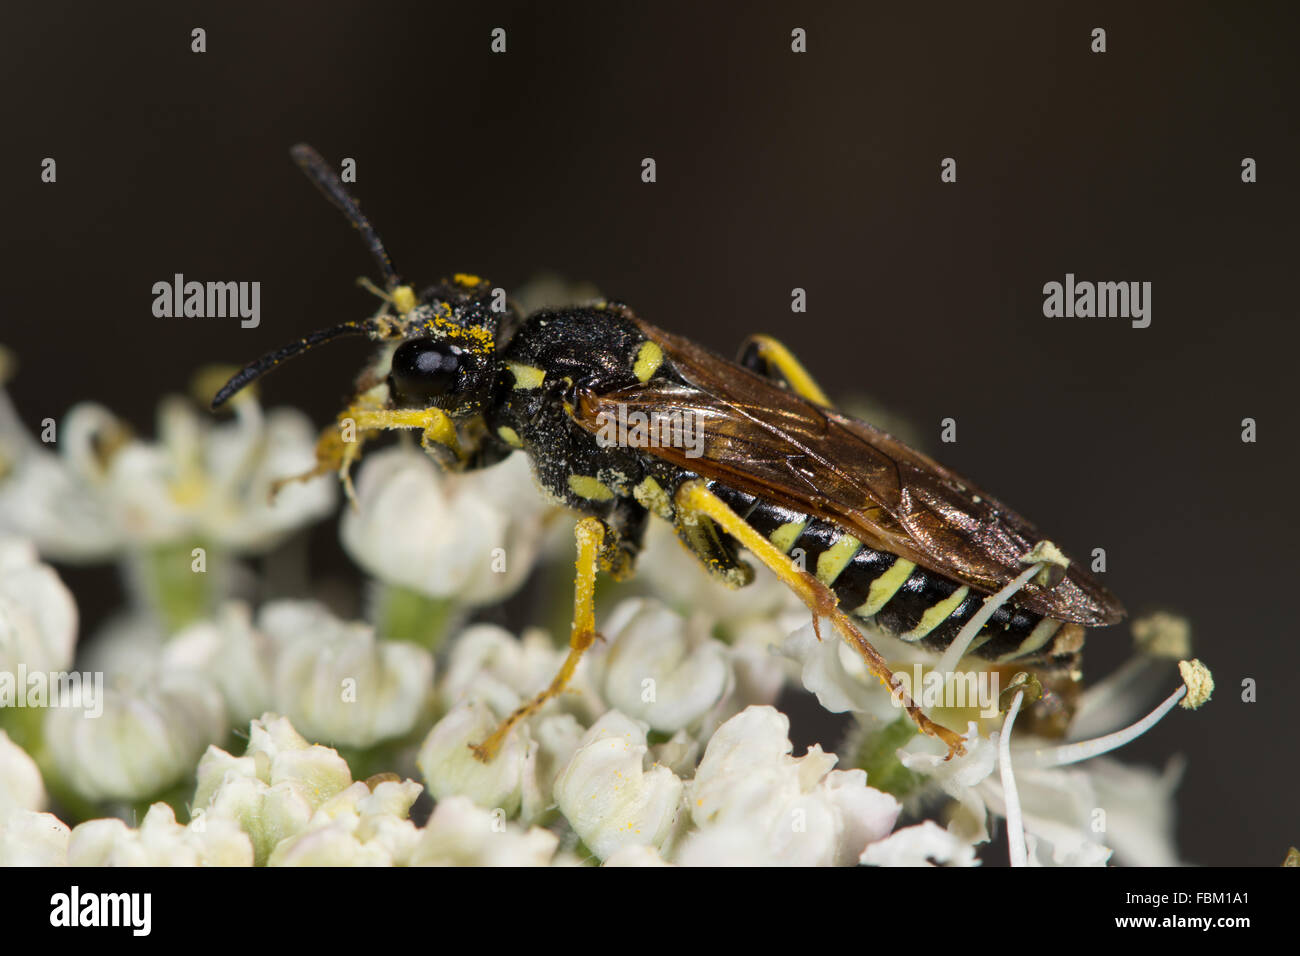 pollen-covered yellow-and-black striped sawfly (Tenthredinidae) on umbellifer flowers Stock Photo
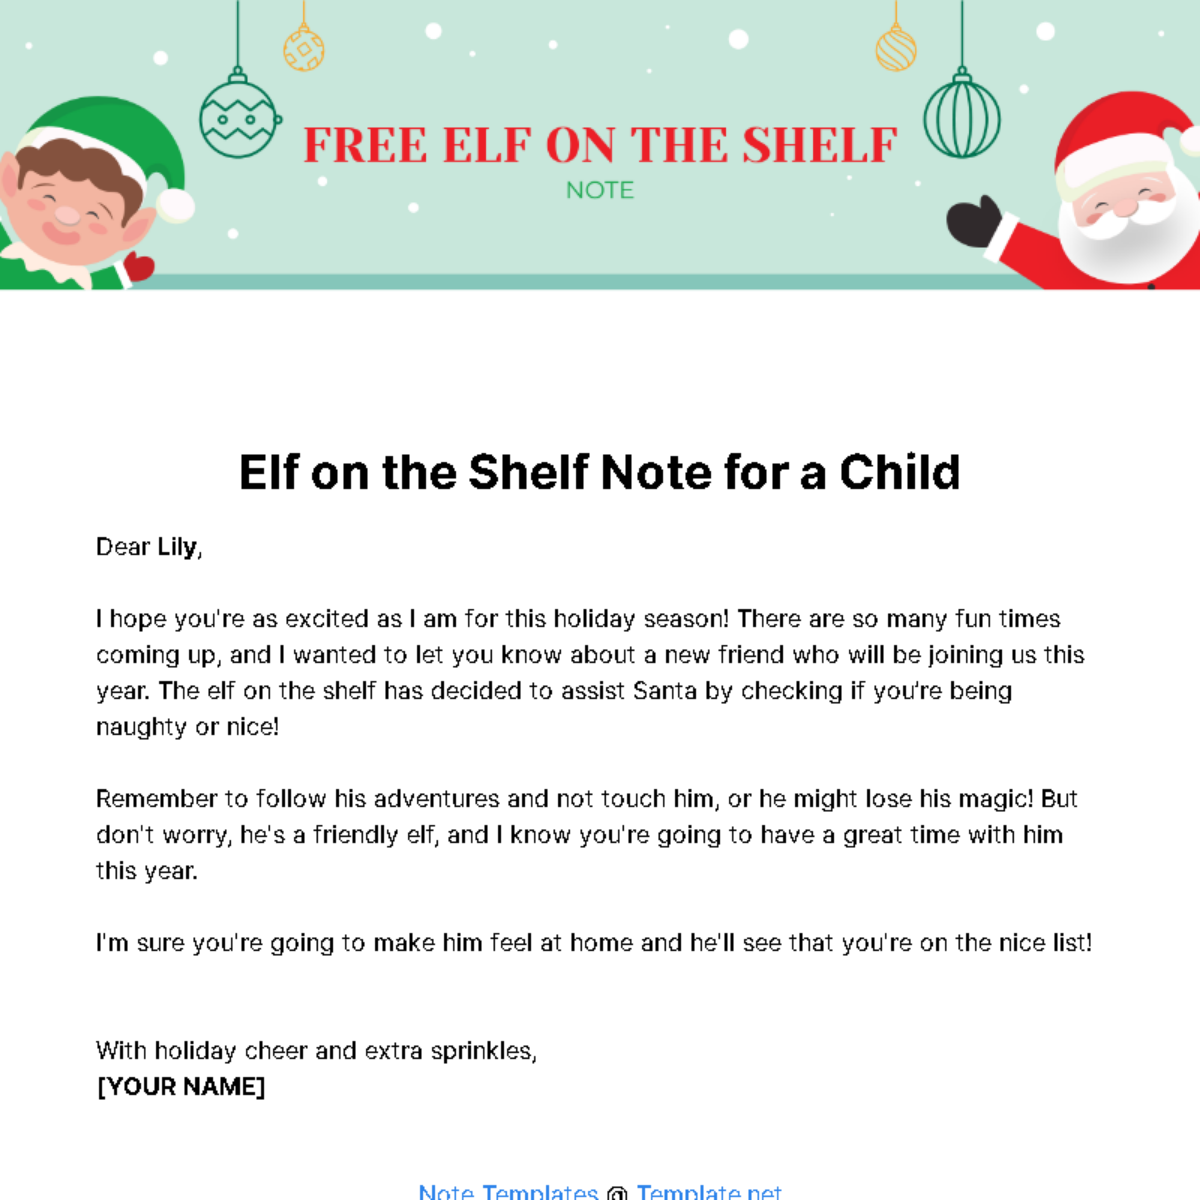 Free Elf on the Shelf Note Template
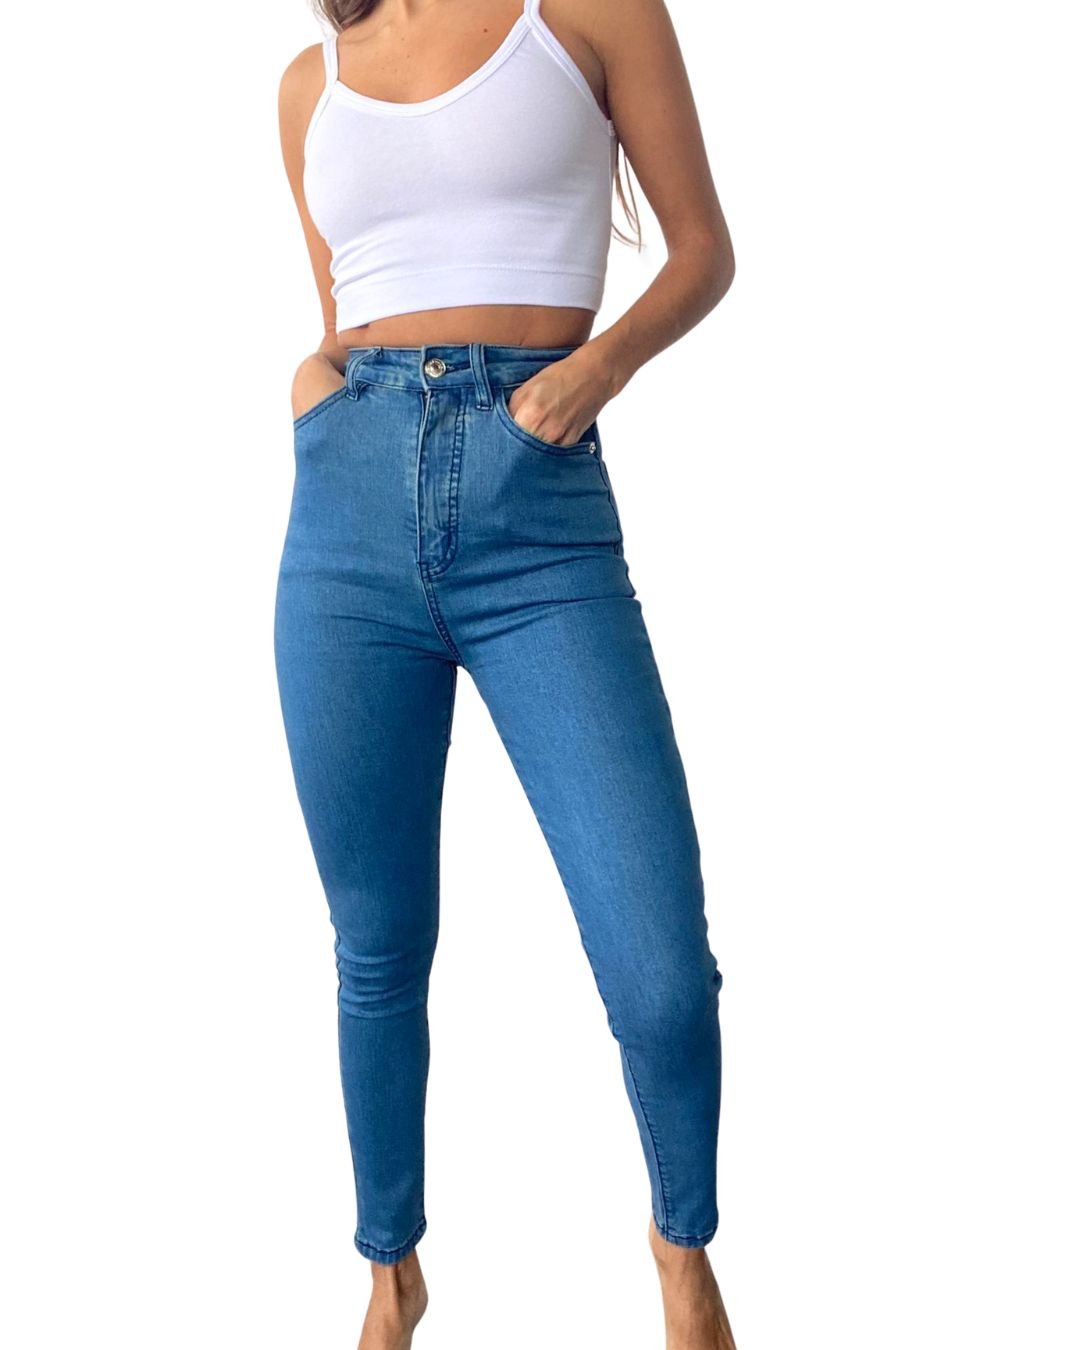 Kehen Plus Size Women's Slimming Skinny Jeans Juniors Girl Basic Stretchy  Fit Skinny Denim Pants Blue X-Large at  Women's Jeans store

******************************

■ **WHAT IS REQUIRED**: The lines to copy run from the line containing "Free Elf on the Shelf Note Template" through the end of the data above; copy exactly those, minus the pictures.

■ **SOLUTION TO THIS TASK**:
 Free Elf on the Shelf Note Template
 Kehen Plus Size Women's Slimming Skinny Jeans Juniors Girl Basic Stretchy  Fit Skinny Denim Pants Blue X-Large at  Women's Jeans store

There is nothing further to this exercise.